There was a picture in Heat (UK celeb mag) of Nicole Richie using Maybelline's Great Lash mascara. I know it that one because the wand was green. The thing is, I've tried it 3 times and just can't et it to work for me at all. Each time I buy it I think "maybe I'm not doing it right, I'll try it again" but every time I end up throwing it away.
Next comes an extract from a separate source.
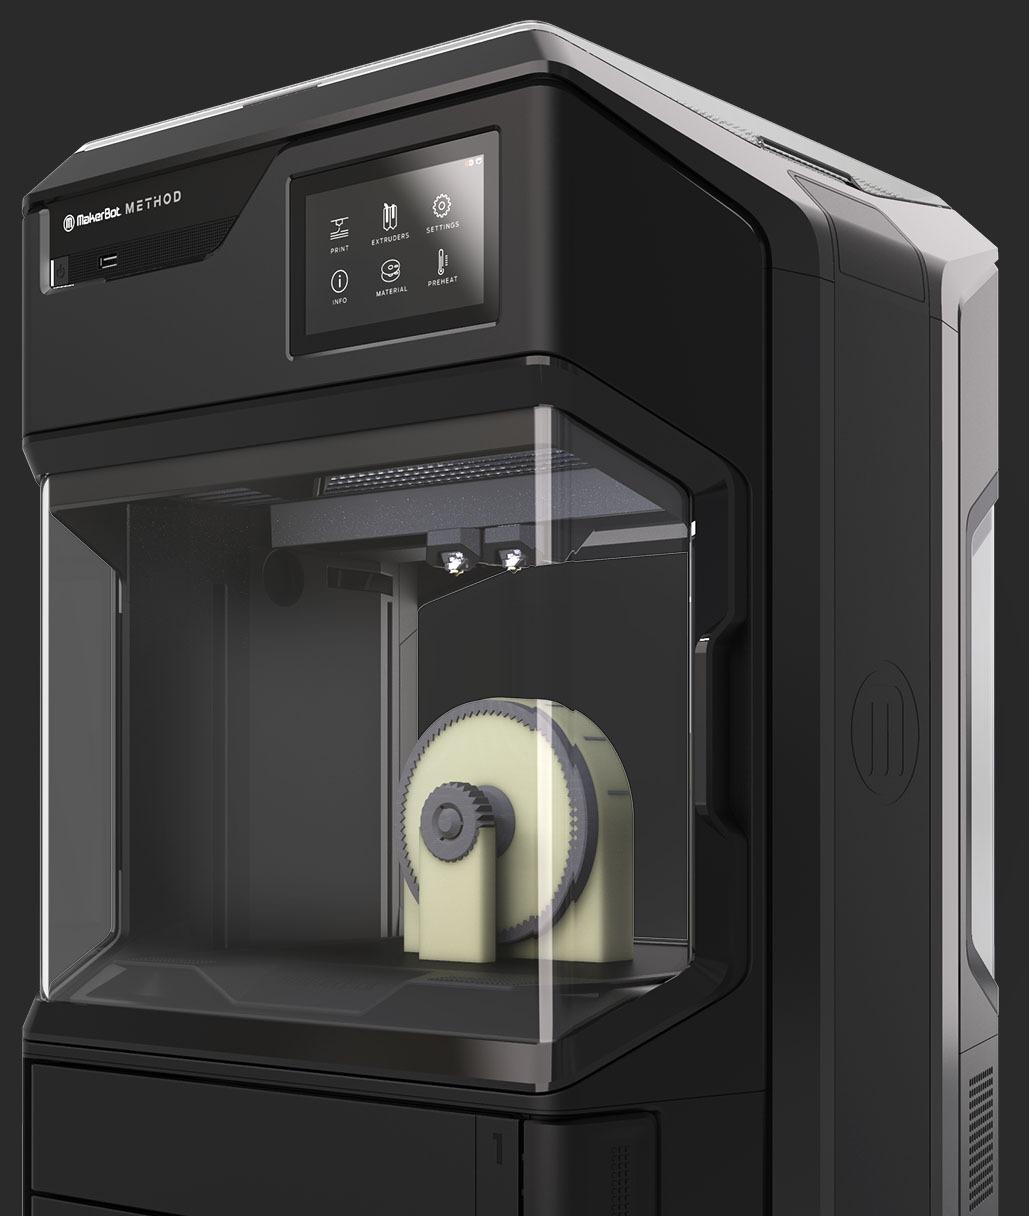 Les imprimantes 3D MakerBot Method compatibles avec le BASF Forward AM Ultrafuse 316L
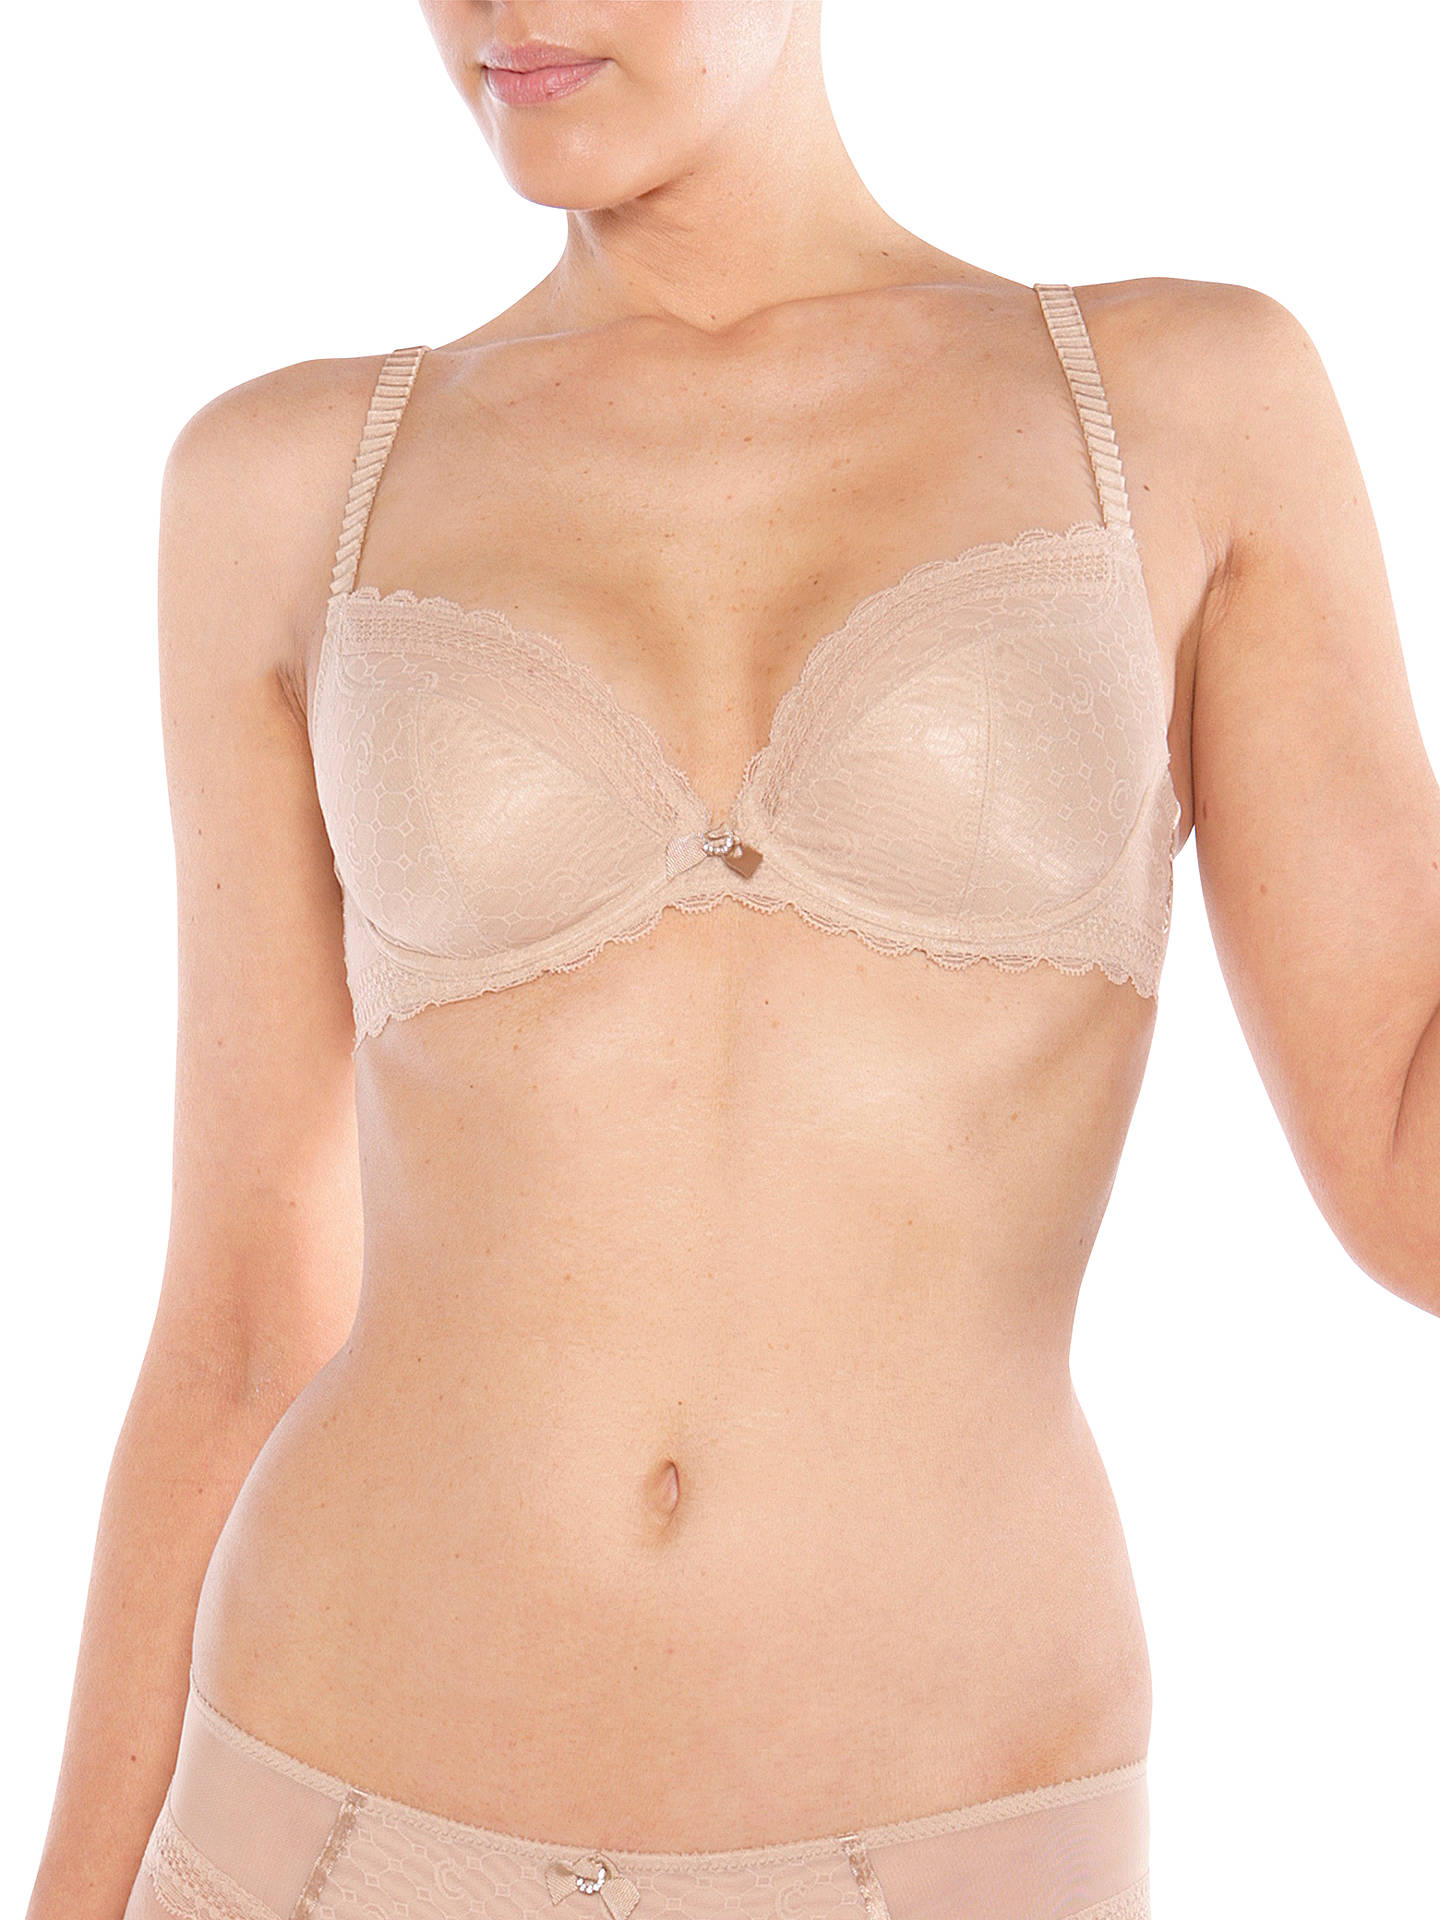 BuyChantelle C Chic Sexy Plunge Bra e29aae8f3

Does anyone else use this successfully? it's not even that popular on MUA.


----------



## blondehott (Mar 16, 2006)

huge 2nd!!!!  Its not a great mascara and its cheap why does Nicole use it?Its not a good mascara


----------



## bAbY_cHiCkEn01 (Mar 16, 2006)

Wasn't it supposed to be one of the best mascaras made???


----------



## Jennifer Mcfly (Mar 16, 2006)

I personally love this mascara. I've never had a problem with it. I love the ultra black with the curved brush. I think it works very well. But hey, if you don't like it, you don't like it, what can you do...


----------



## panties (Mar 16, 2006)

what may not work for you may work for the next person...maybe it works for nicole...


----------



## karen (Mar 16, 2006)

I don't even want to say what I was thinking when I saw the title of this thread.


----------



## pumpkincat210 (Mar 16, 2006)

I don't like this mascara because three hours later you can see black particles under your  eye.  I doubt Nicole really uses this.


----------



## giz2000 (Mar 16, 2006)

A lot of big name makeup artists swear by Great Lash...


----------



## Classic Beauty (Mar 16, 2006)

Quote:

   Originally Posted by *karen* 
_I don't even want to say what I was thinking when I saw the title of this thread.  
	

	
	
		
		

		
		
	


	


_

 
LOL, that's what i was thinking too.  I was like WTH?


----------



## rcastel10 (Mar 17, 2006)

I love this mascara!


----------



## Pushpa (Mar 17, 2006)

Quote:

   Originally Posted by *karen* 
_I don't even want to say what I was thinking when I saw the title of this thread.  
	

	
	
		
		

		
		
	


	


_

 

lol same here i guess we have dirty minds  
	

	
	
		
		

		
		
	


	





i haved used it several times and had no problem i just prefer zoomlash and prolash


but i know tons of girls that use this and swear by it


----------



## Pootle_around (Mar 17, 2006)

Classic Beauty and Karen - shame on you!
I remember when Maybelline first came out in the UK and all the magazines were praising it, saying it was america's #1 mascara (is this true, btw?), and saying that it was MUA favourite.
Every time I've used it, it goes on wet, flakes all over the place and melts onto my lower eyelids.


----------



## Patricia (Mar 17, 2006)

i can't stand it, even a 60cent mascara that i bought in a chinese store worked better...


----------



## bottleblack (Mar 17, 2006)

Quote:

   Originally Posted by *karen* 
_I don't even want to say what I was thinking when I saw the title of this thread.  
	

	
	
		
		

		
		
	


	


_

 
haha! i'm glad i wasn't the only one!


----------



## User34 (Mar 17, 2006)

I hate to say that I never cared for great lash either. =/
I bought it b/c I heard all the rants and raves but It always flaked on me. But hey,  like someone said, what might not work for you , might work for others.


----------



## user4 (Mar 17, 2006)

you guys have dirty ass minds!!! lmao....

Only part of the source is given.